Le gouvernement a annoncé lundi 8 septembre qu’il ne pouvait plus garantir la sécurité des travailleurs humanitaires dans la région et il a demandé aux Nations unies et au personnel des agences humanitaires de se rendre en territoire sous contrôle gouvernemental.

Aux termes du droit international humanitaire, le gouvernement sri-lankais et les LTTE sont tenus de traiter avec humanité, en tout temps et sans discrimination aucune, les personnes ne participant pas de manière active aux hostilités.

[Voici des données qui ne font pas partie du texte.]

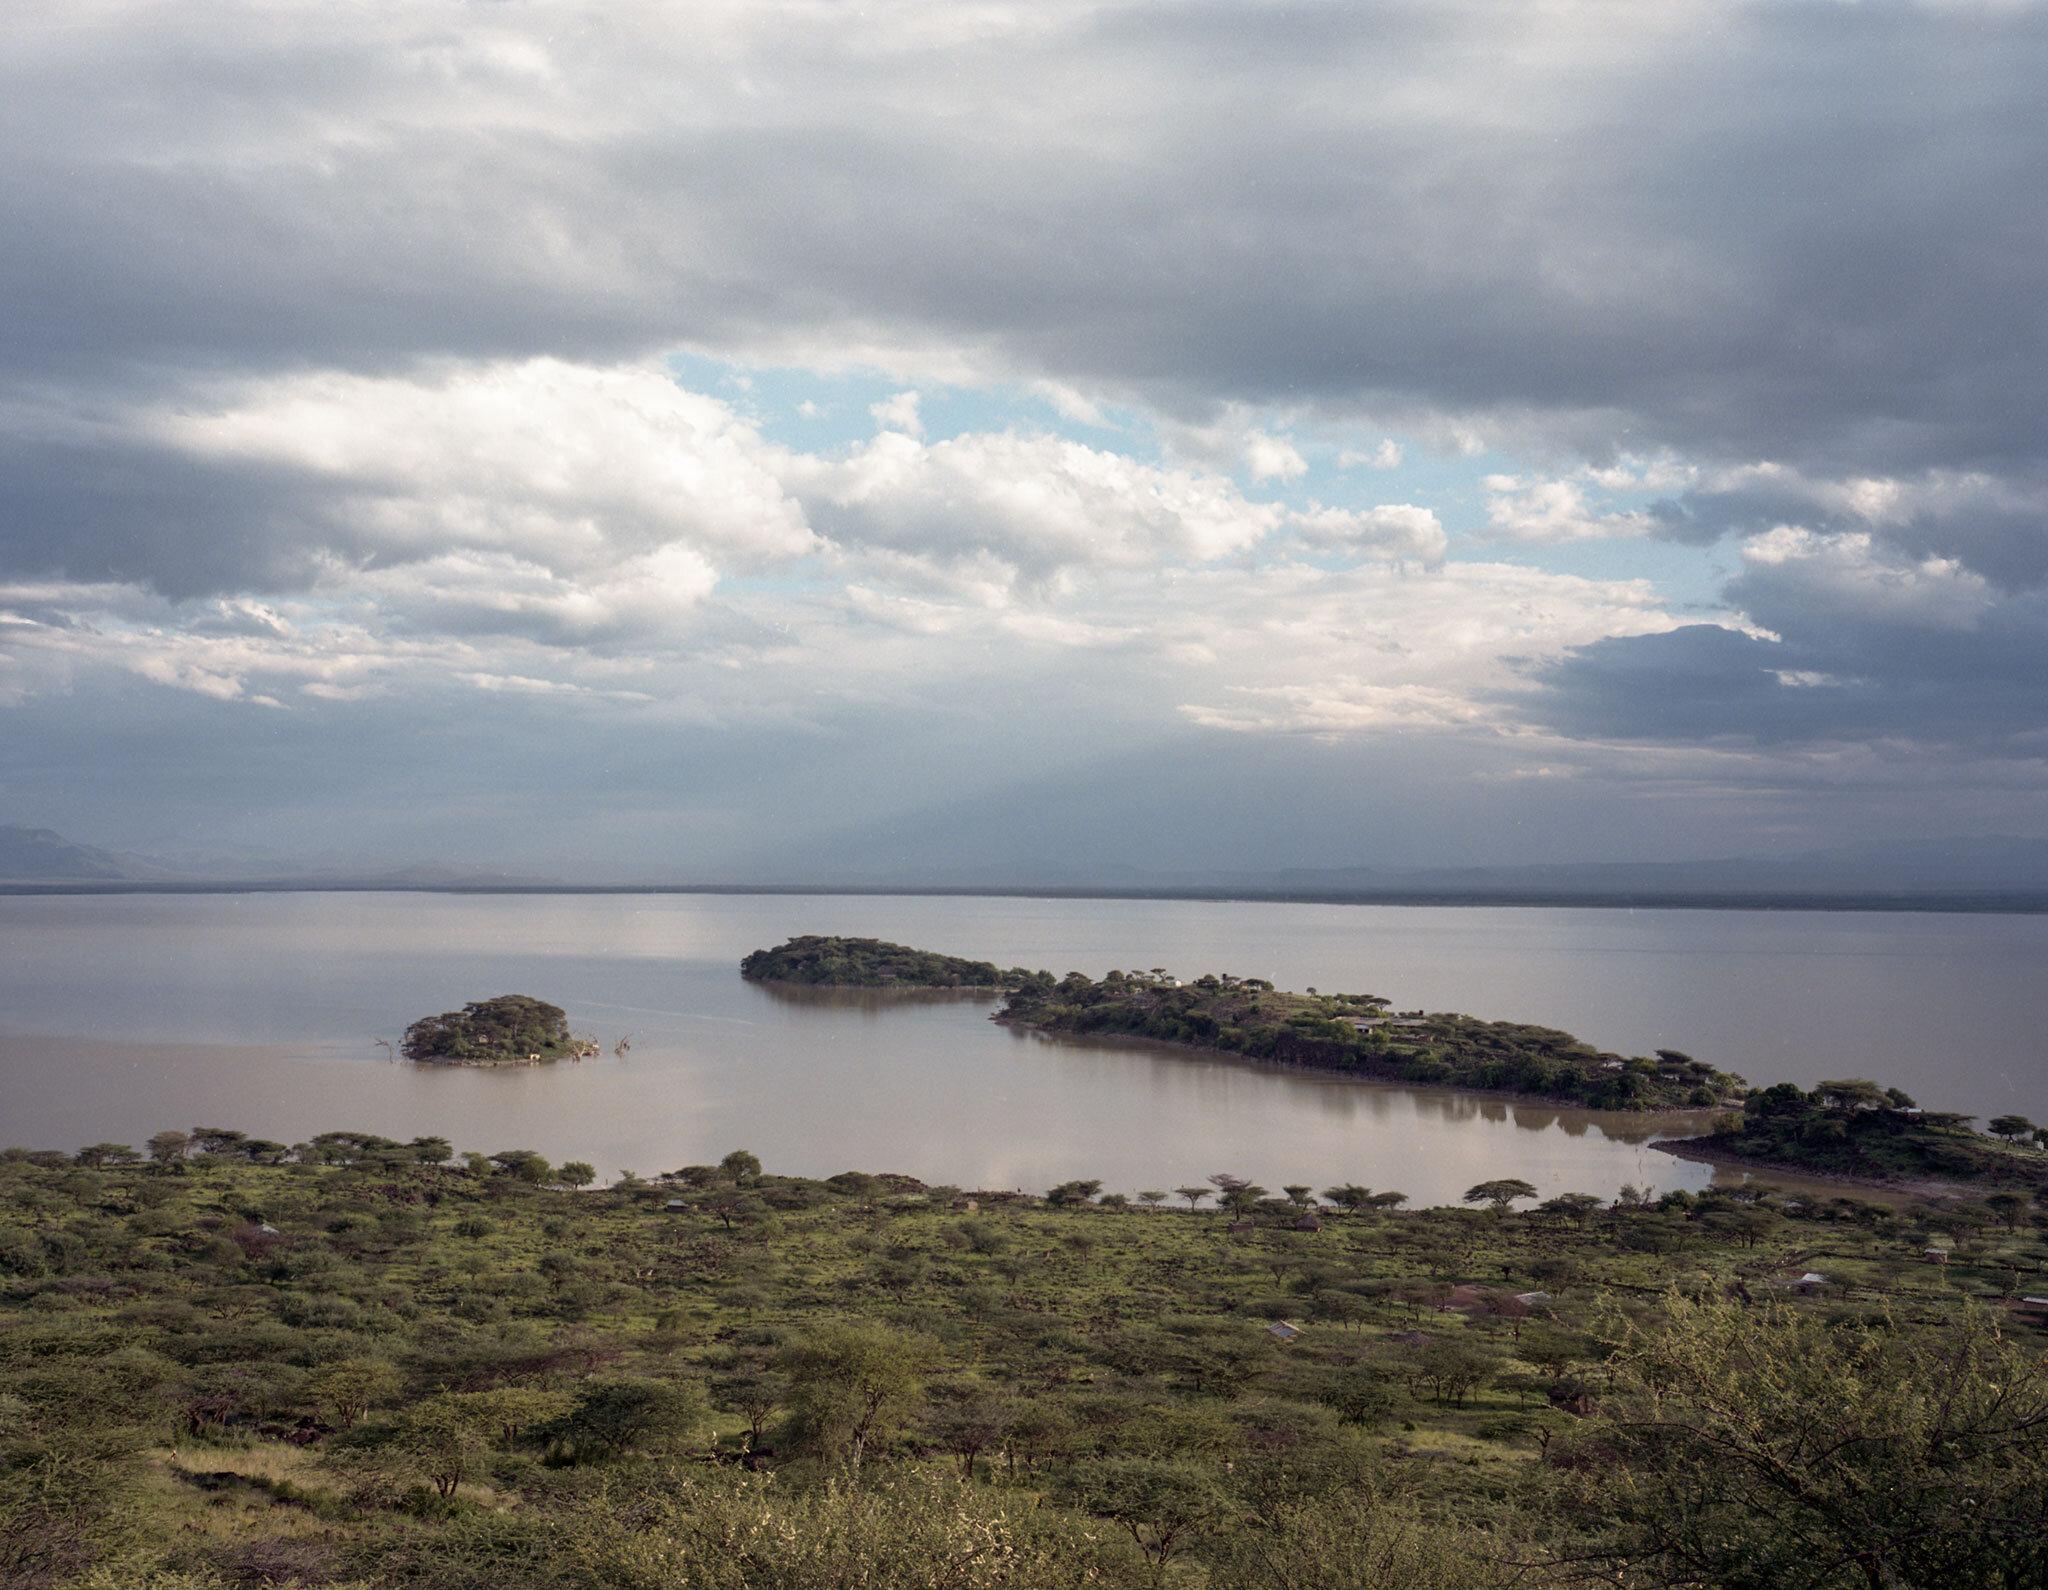 Kokwa Island

En plus d’interdire les attaques directes contre ces personnes ou les attaques aveugles, cette disposition inclut l’obligation de veiller à ce que l’aide humanitaire parvienne à tous ceux qui en ont besoin.

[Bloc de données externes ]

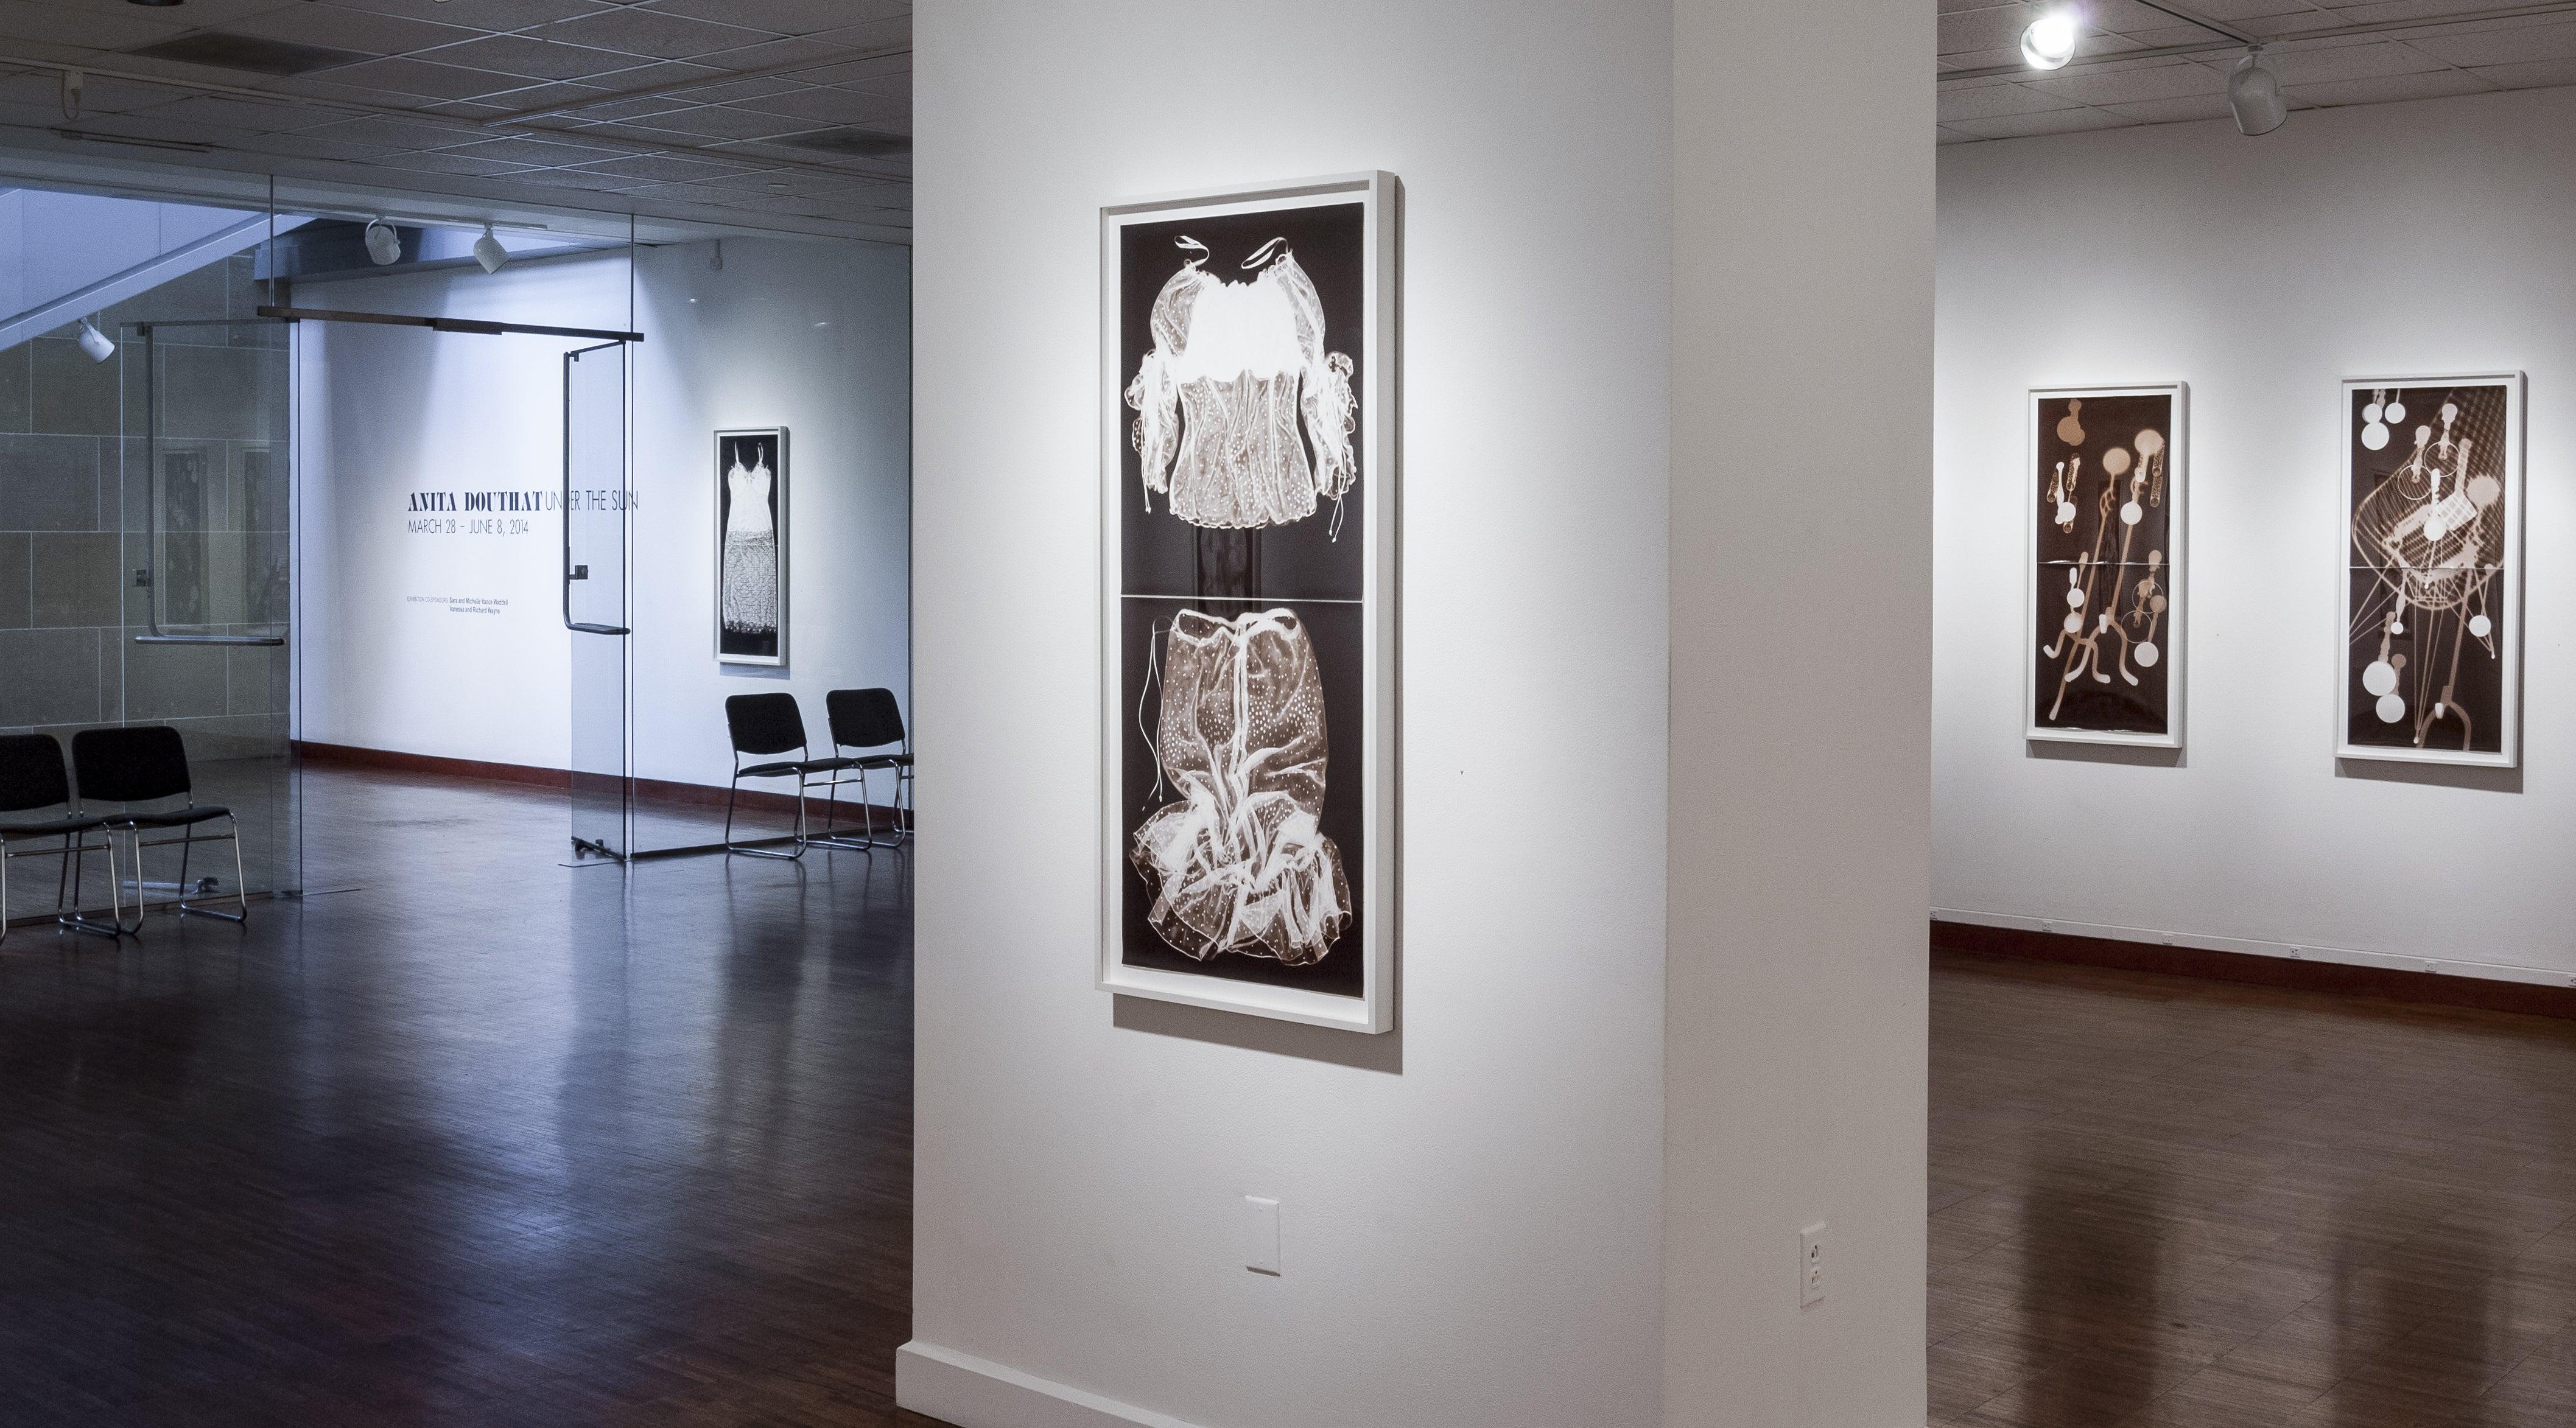 ... Anita   Transparent Uniforms X (Variation 2), 2007, Photograms, 48 X 20  Inches ...

Les Nations unies ont commencé à transférer leur personnel international de Kilinochchi vers Vavuniya, sous contrôle gouvernemental. Le Comité international de la Croix-Rouge a déclaré qu’il prévoyait de continuer à venir en aide à ceux qui en avaient besoin, quel que soit l’endroit où ils se trouvaient.

L’armée sri-lankaise a lancé une grande offensive pour réinvestir des zones du nord et de l’est du pays passées sous contrôle des LTTE. Des familles ont été déplacées à plusieurs reprises pour échapper aux bombardements aériens des forces gouvernementales.